As the crowd dispersed through the main gate, Riko walked beside Kaito in comfortable silence. The evening air was cool, carrying the fading sounds of departing students and families. Kaito's phone buzzed—a message from Aiko that he glanced at briefly before pocketing it without comment.

"Heading home?" Riko asked, attempting casual conversation.

"Yes." His usual economy with words.

They walked past the well-lit areas near the school, approaching a quieter stretch where the streetlights grew sparse. That's when they heard it—a sharp, angry voice and the shuffle of feet.

In a narrow side path between buildings, a third-year student with a sneer was looming over a smaller, trembling underclassman. The victim's glasses were on the ground, one lens cracked, as he tried to shield himself.

"I told you to watch where you're going, you useless first-year—"

Riko's mind immediately catalogued the scene. Bullying. Third-year. Should report this to the Council tomorrow. Gather evidence first, intervene later to avoid escalation. It was the logical, strategic approach.

But before she could even formulate the thought into action, Kaito moved.
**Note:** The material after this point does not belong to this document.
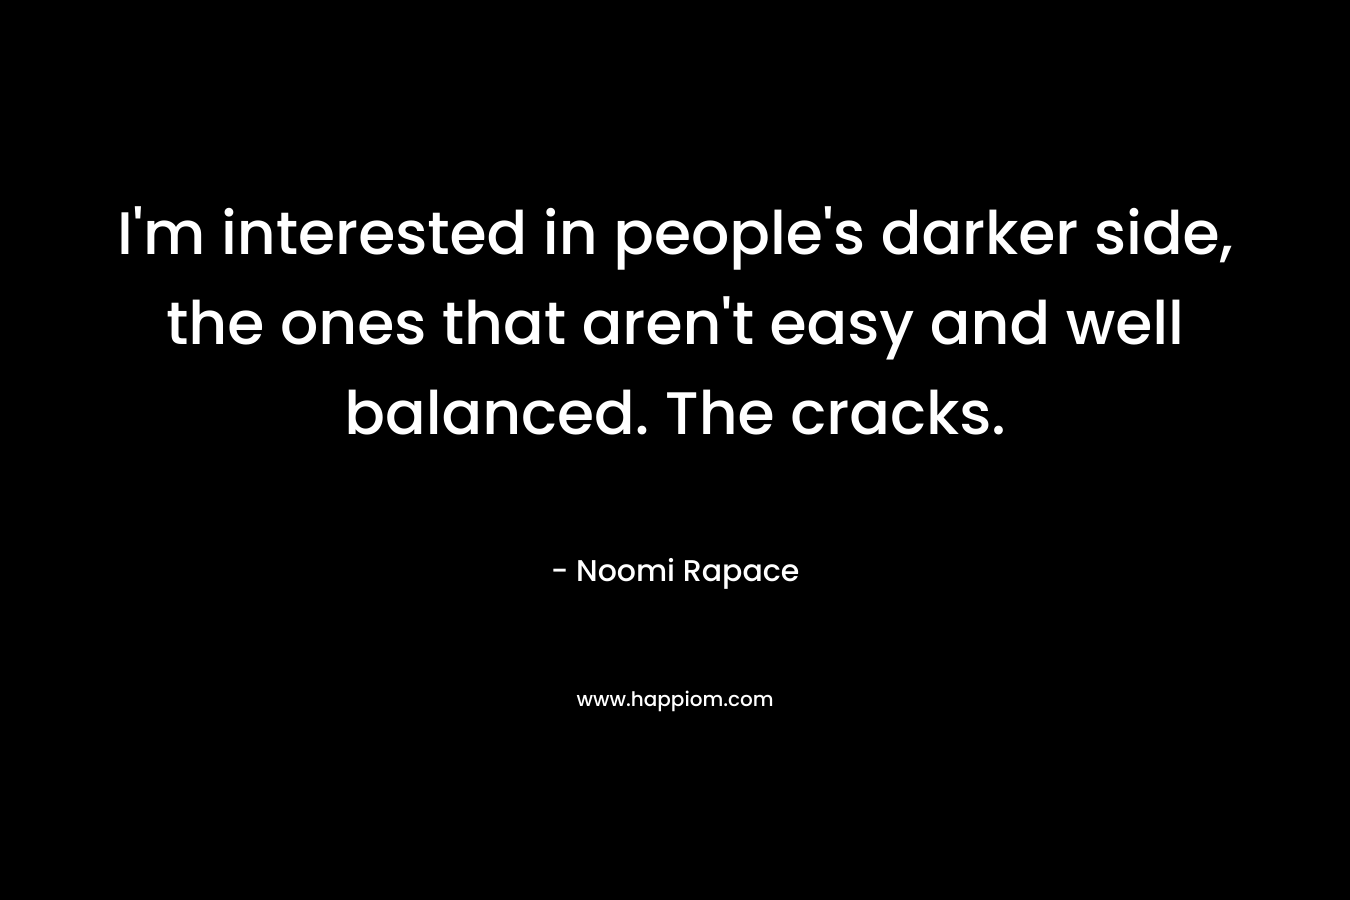 I'm interested in people's darker side, the ones that aren't easy and well balanced. The cracks.

He stepped forward with a quiet purpose, placing himself between the bully and the victim. His voice, when it came, was not cold—it was firm, controlled, and carried an authority that made the third-year pause mid-sentence.

"That's enough."

The third-year's face twisted in anger. "Who the hell do you think you are? Mind your own business, you—"

He stepped forward, fist clenched, clearly intending to strike. Riko's breath caught. He's going to hit him—

But at that moment, voices echoed from the main road. Teachers. A group of them, probably heading home from the concert as well.
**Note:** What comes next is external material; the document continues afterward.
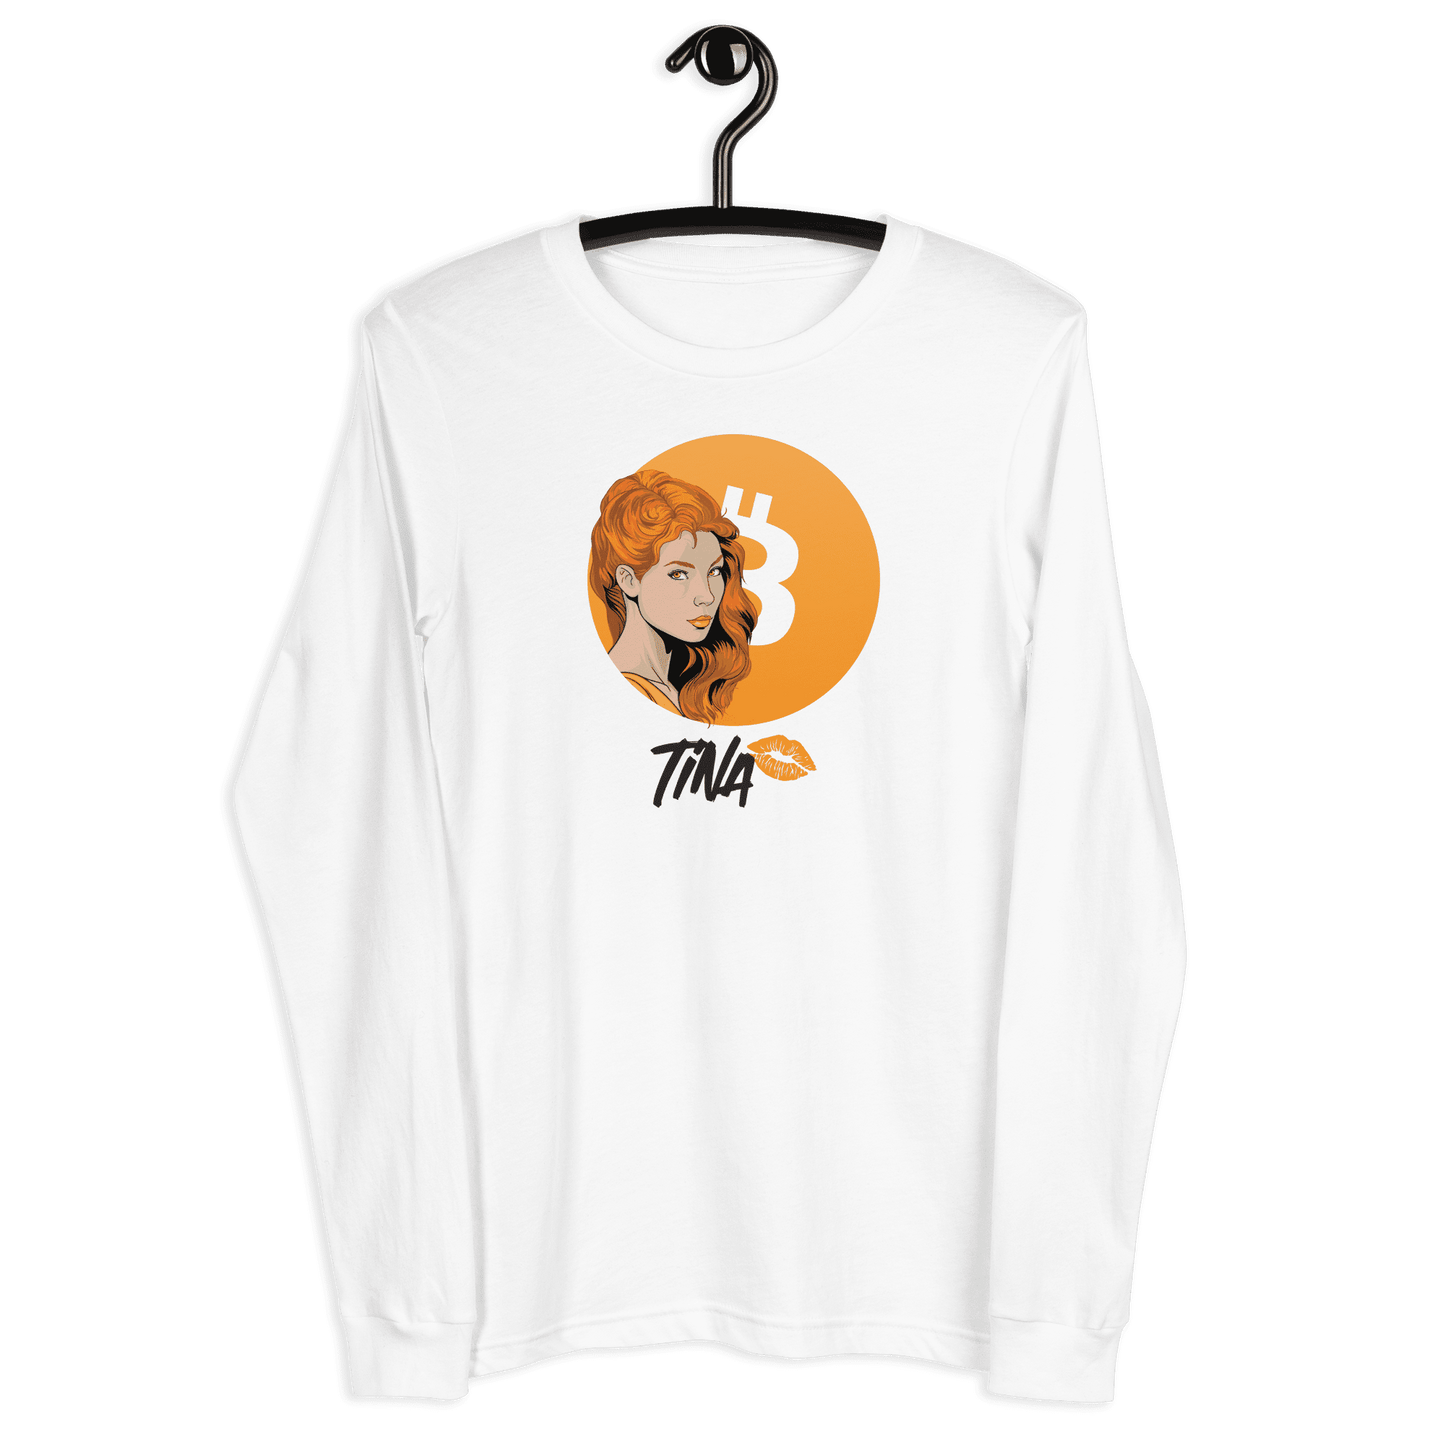 Front view of a white bitcoin long sleeve tee.

The third-year's eyes darted toward the sound, his aggression dissolving into panic. He shot Kaito a venomous glare. "This isn't over. Watch your back." And then he fled, disappearing into the shadows of a side alley.

Kaito didn't chase. He simply turned to the boy still cowering on the ground. Without a word, he bent down, picked up the broken glasses, and gently handed them back. The boy stared up at him, tears in his eyes, mouth opening and closing without sound.

"Get home safely," Kaito said quietly. "And report this to your homeroom teacher tomorrow. Use my name if needed." He waited until the boy nodded, then straightened and walked back to Riko as if nothing had happened.

They continued walking in silence for several steps.

Riko's mind was a storm. The Kaito she had just witnessed—the one who intervened without hesitation, who protected a stranger, who showed kindness without expectation of reward—was not the Ice Prince of classroom whispers. He was not the cold fortress who made presidents apologize. He was something else entirely.

Her carefully constructed understanding of him crumbled and reformed in an instant.

Not just a talented, gifted student. Not just a cold loner.

A good person.

The thought settled in her chest with unexpected warmth.

She glanced at his profile—still expressionless, still walking with measured steps—but the meaning behind that mask had shifted forever. The unseen kindness she had just witnessed painted every previous interaction in a new, profound light.